1- Note d’Alex Tyler – Il est vraisemblable que le lieutenant italien, qui n’était pas tombé de la dernière pluie, utilisait “l’Adjudant” comme une sorte de drapeau blanc pour prévenir une action éventuelle de la Résistance.
2- Note d’Alex Tyler – Contre l’avis du ministre de la Santé, Grasset, Pierre Laval, d’accord avec Doriot, avait fait interdire la Société Française de Psychanalyse au début de 1941. Le décret d’interdiction décrivait la psychanalyse comme une pratique « élaborée par les Juifs, pour leur permettre d’aliéner la masse des Vrais Français. » Le NEF se montrait encore une fois plus royaliste que le roi, comme ce fut souvent le cas : l’exercice de la psychothérapie resta toléré sur le territoire français, sous la pression… des Allemands et en particulier du Directeur de la Société générale allemande de médecine psychothérapeutique (Deutsche allgemeine ärztliche Gesellschaft für Psychotherapie), qui s’était ému de cette interdiction brutale. Il faut dire que le directeur en question avait un argument de poids : il s’appelait Matthias Göring ! Le Reichsmarshall était son cousin.

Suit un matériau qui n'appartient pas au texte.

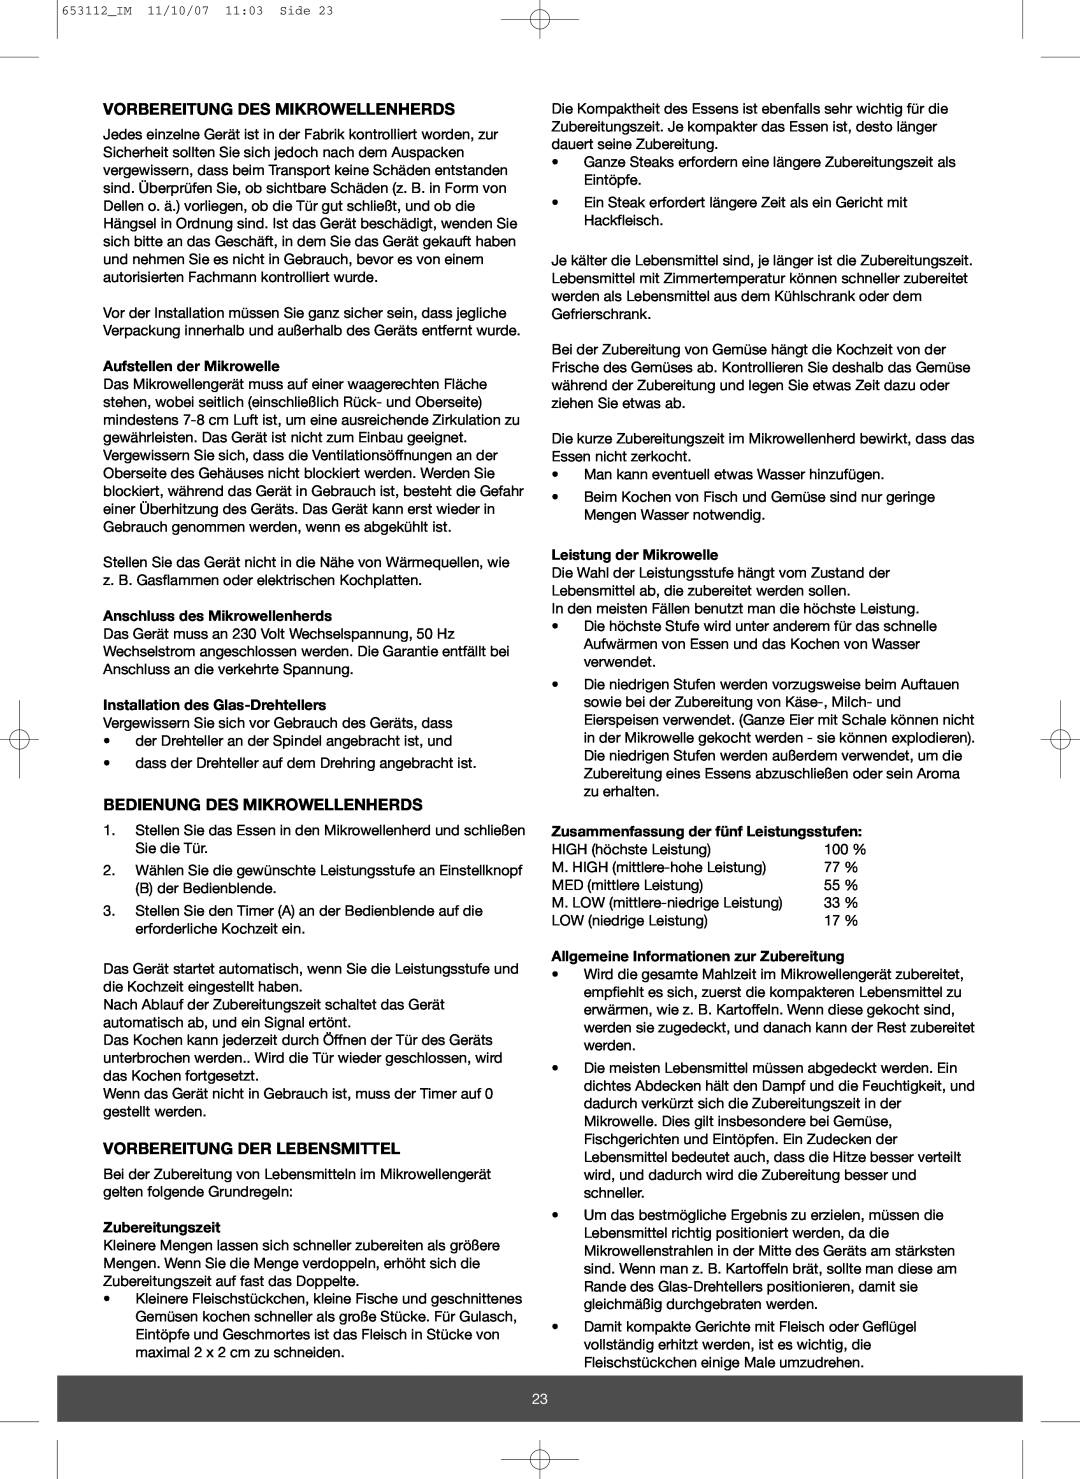 Melissa 653-115 manual Vorbereitung Des Mikrowellenherds, Bedienung Des Mikrowellenherds, Vorbereitung Der Lebensmittel 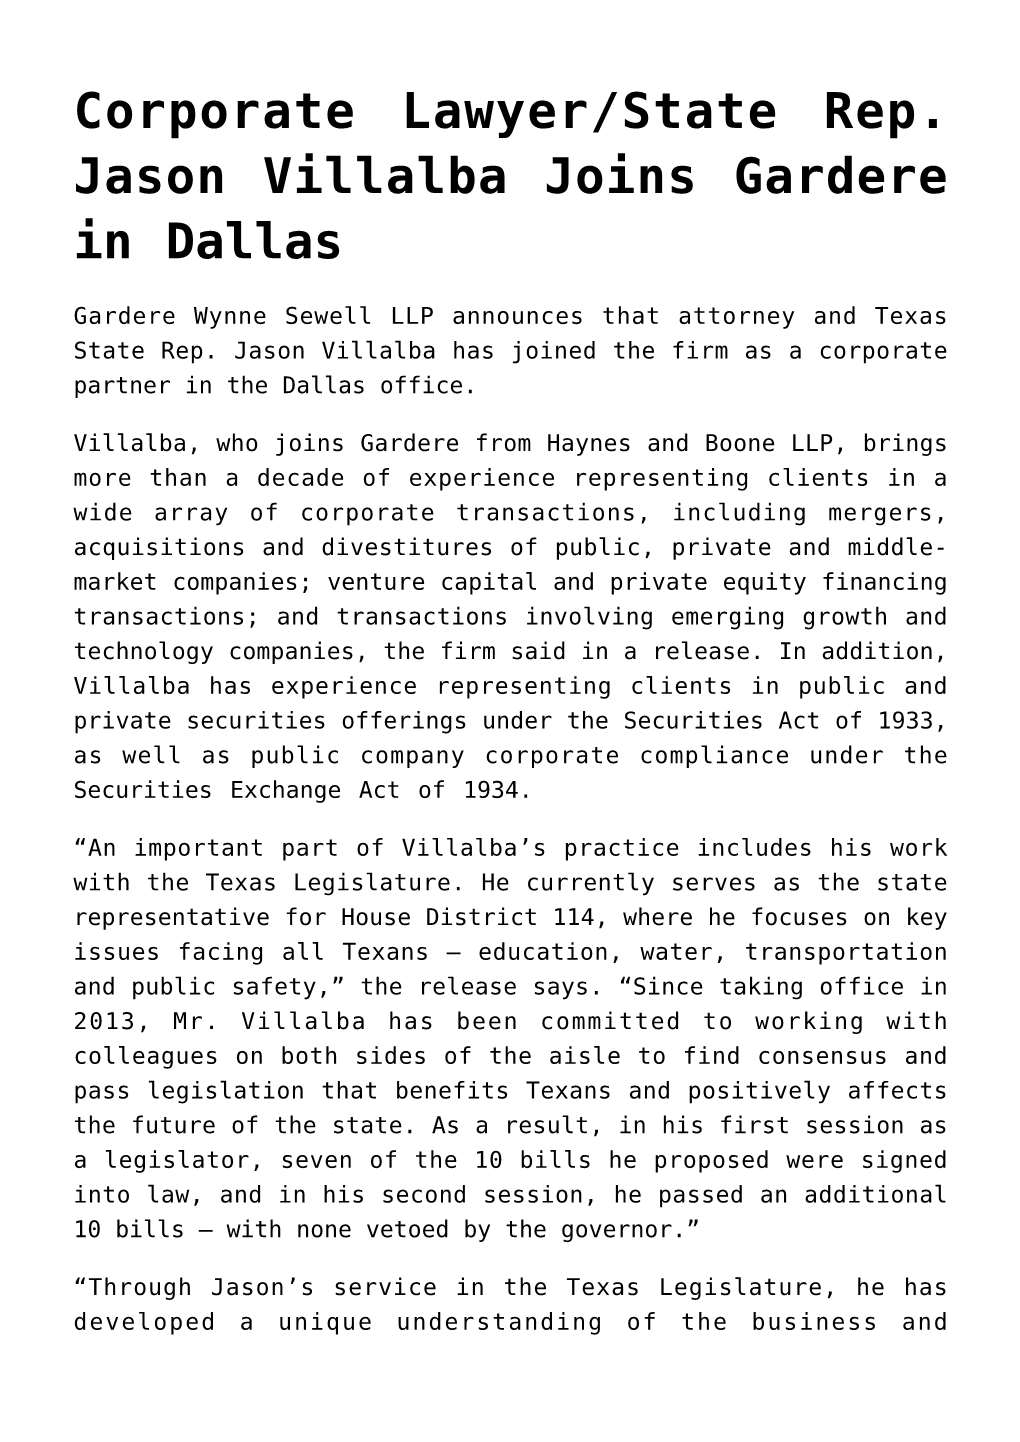 Corporate Lawyer/State Rep. Jason Villalba Joins Gardere in Dallas

3- Note d’Alex Tyler – Après consultation d’autorités reconnues en psychiatrie, nous avons, Guy Martin et moi-même, décidé de ne pas mentionner le nom indiqué par Jean Martin.
4- Note d’Alex Tyler – Agostino Gemmelli était chancelier de l’Université catholique du Sacré Cœur de Milan et président de l’Académies Pontificale des Sciences.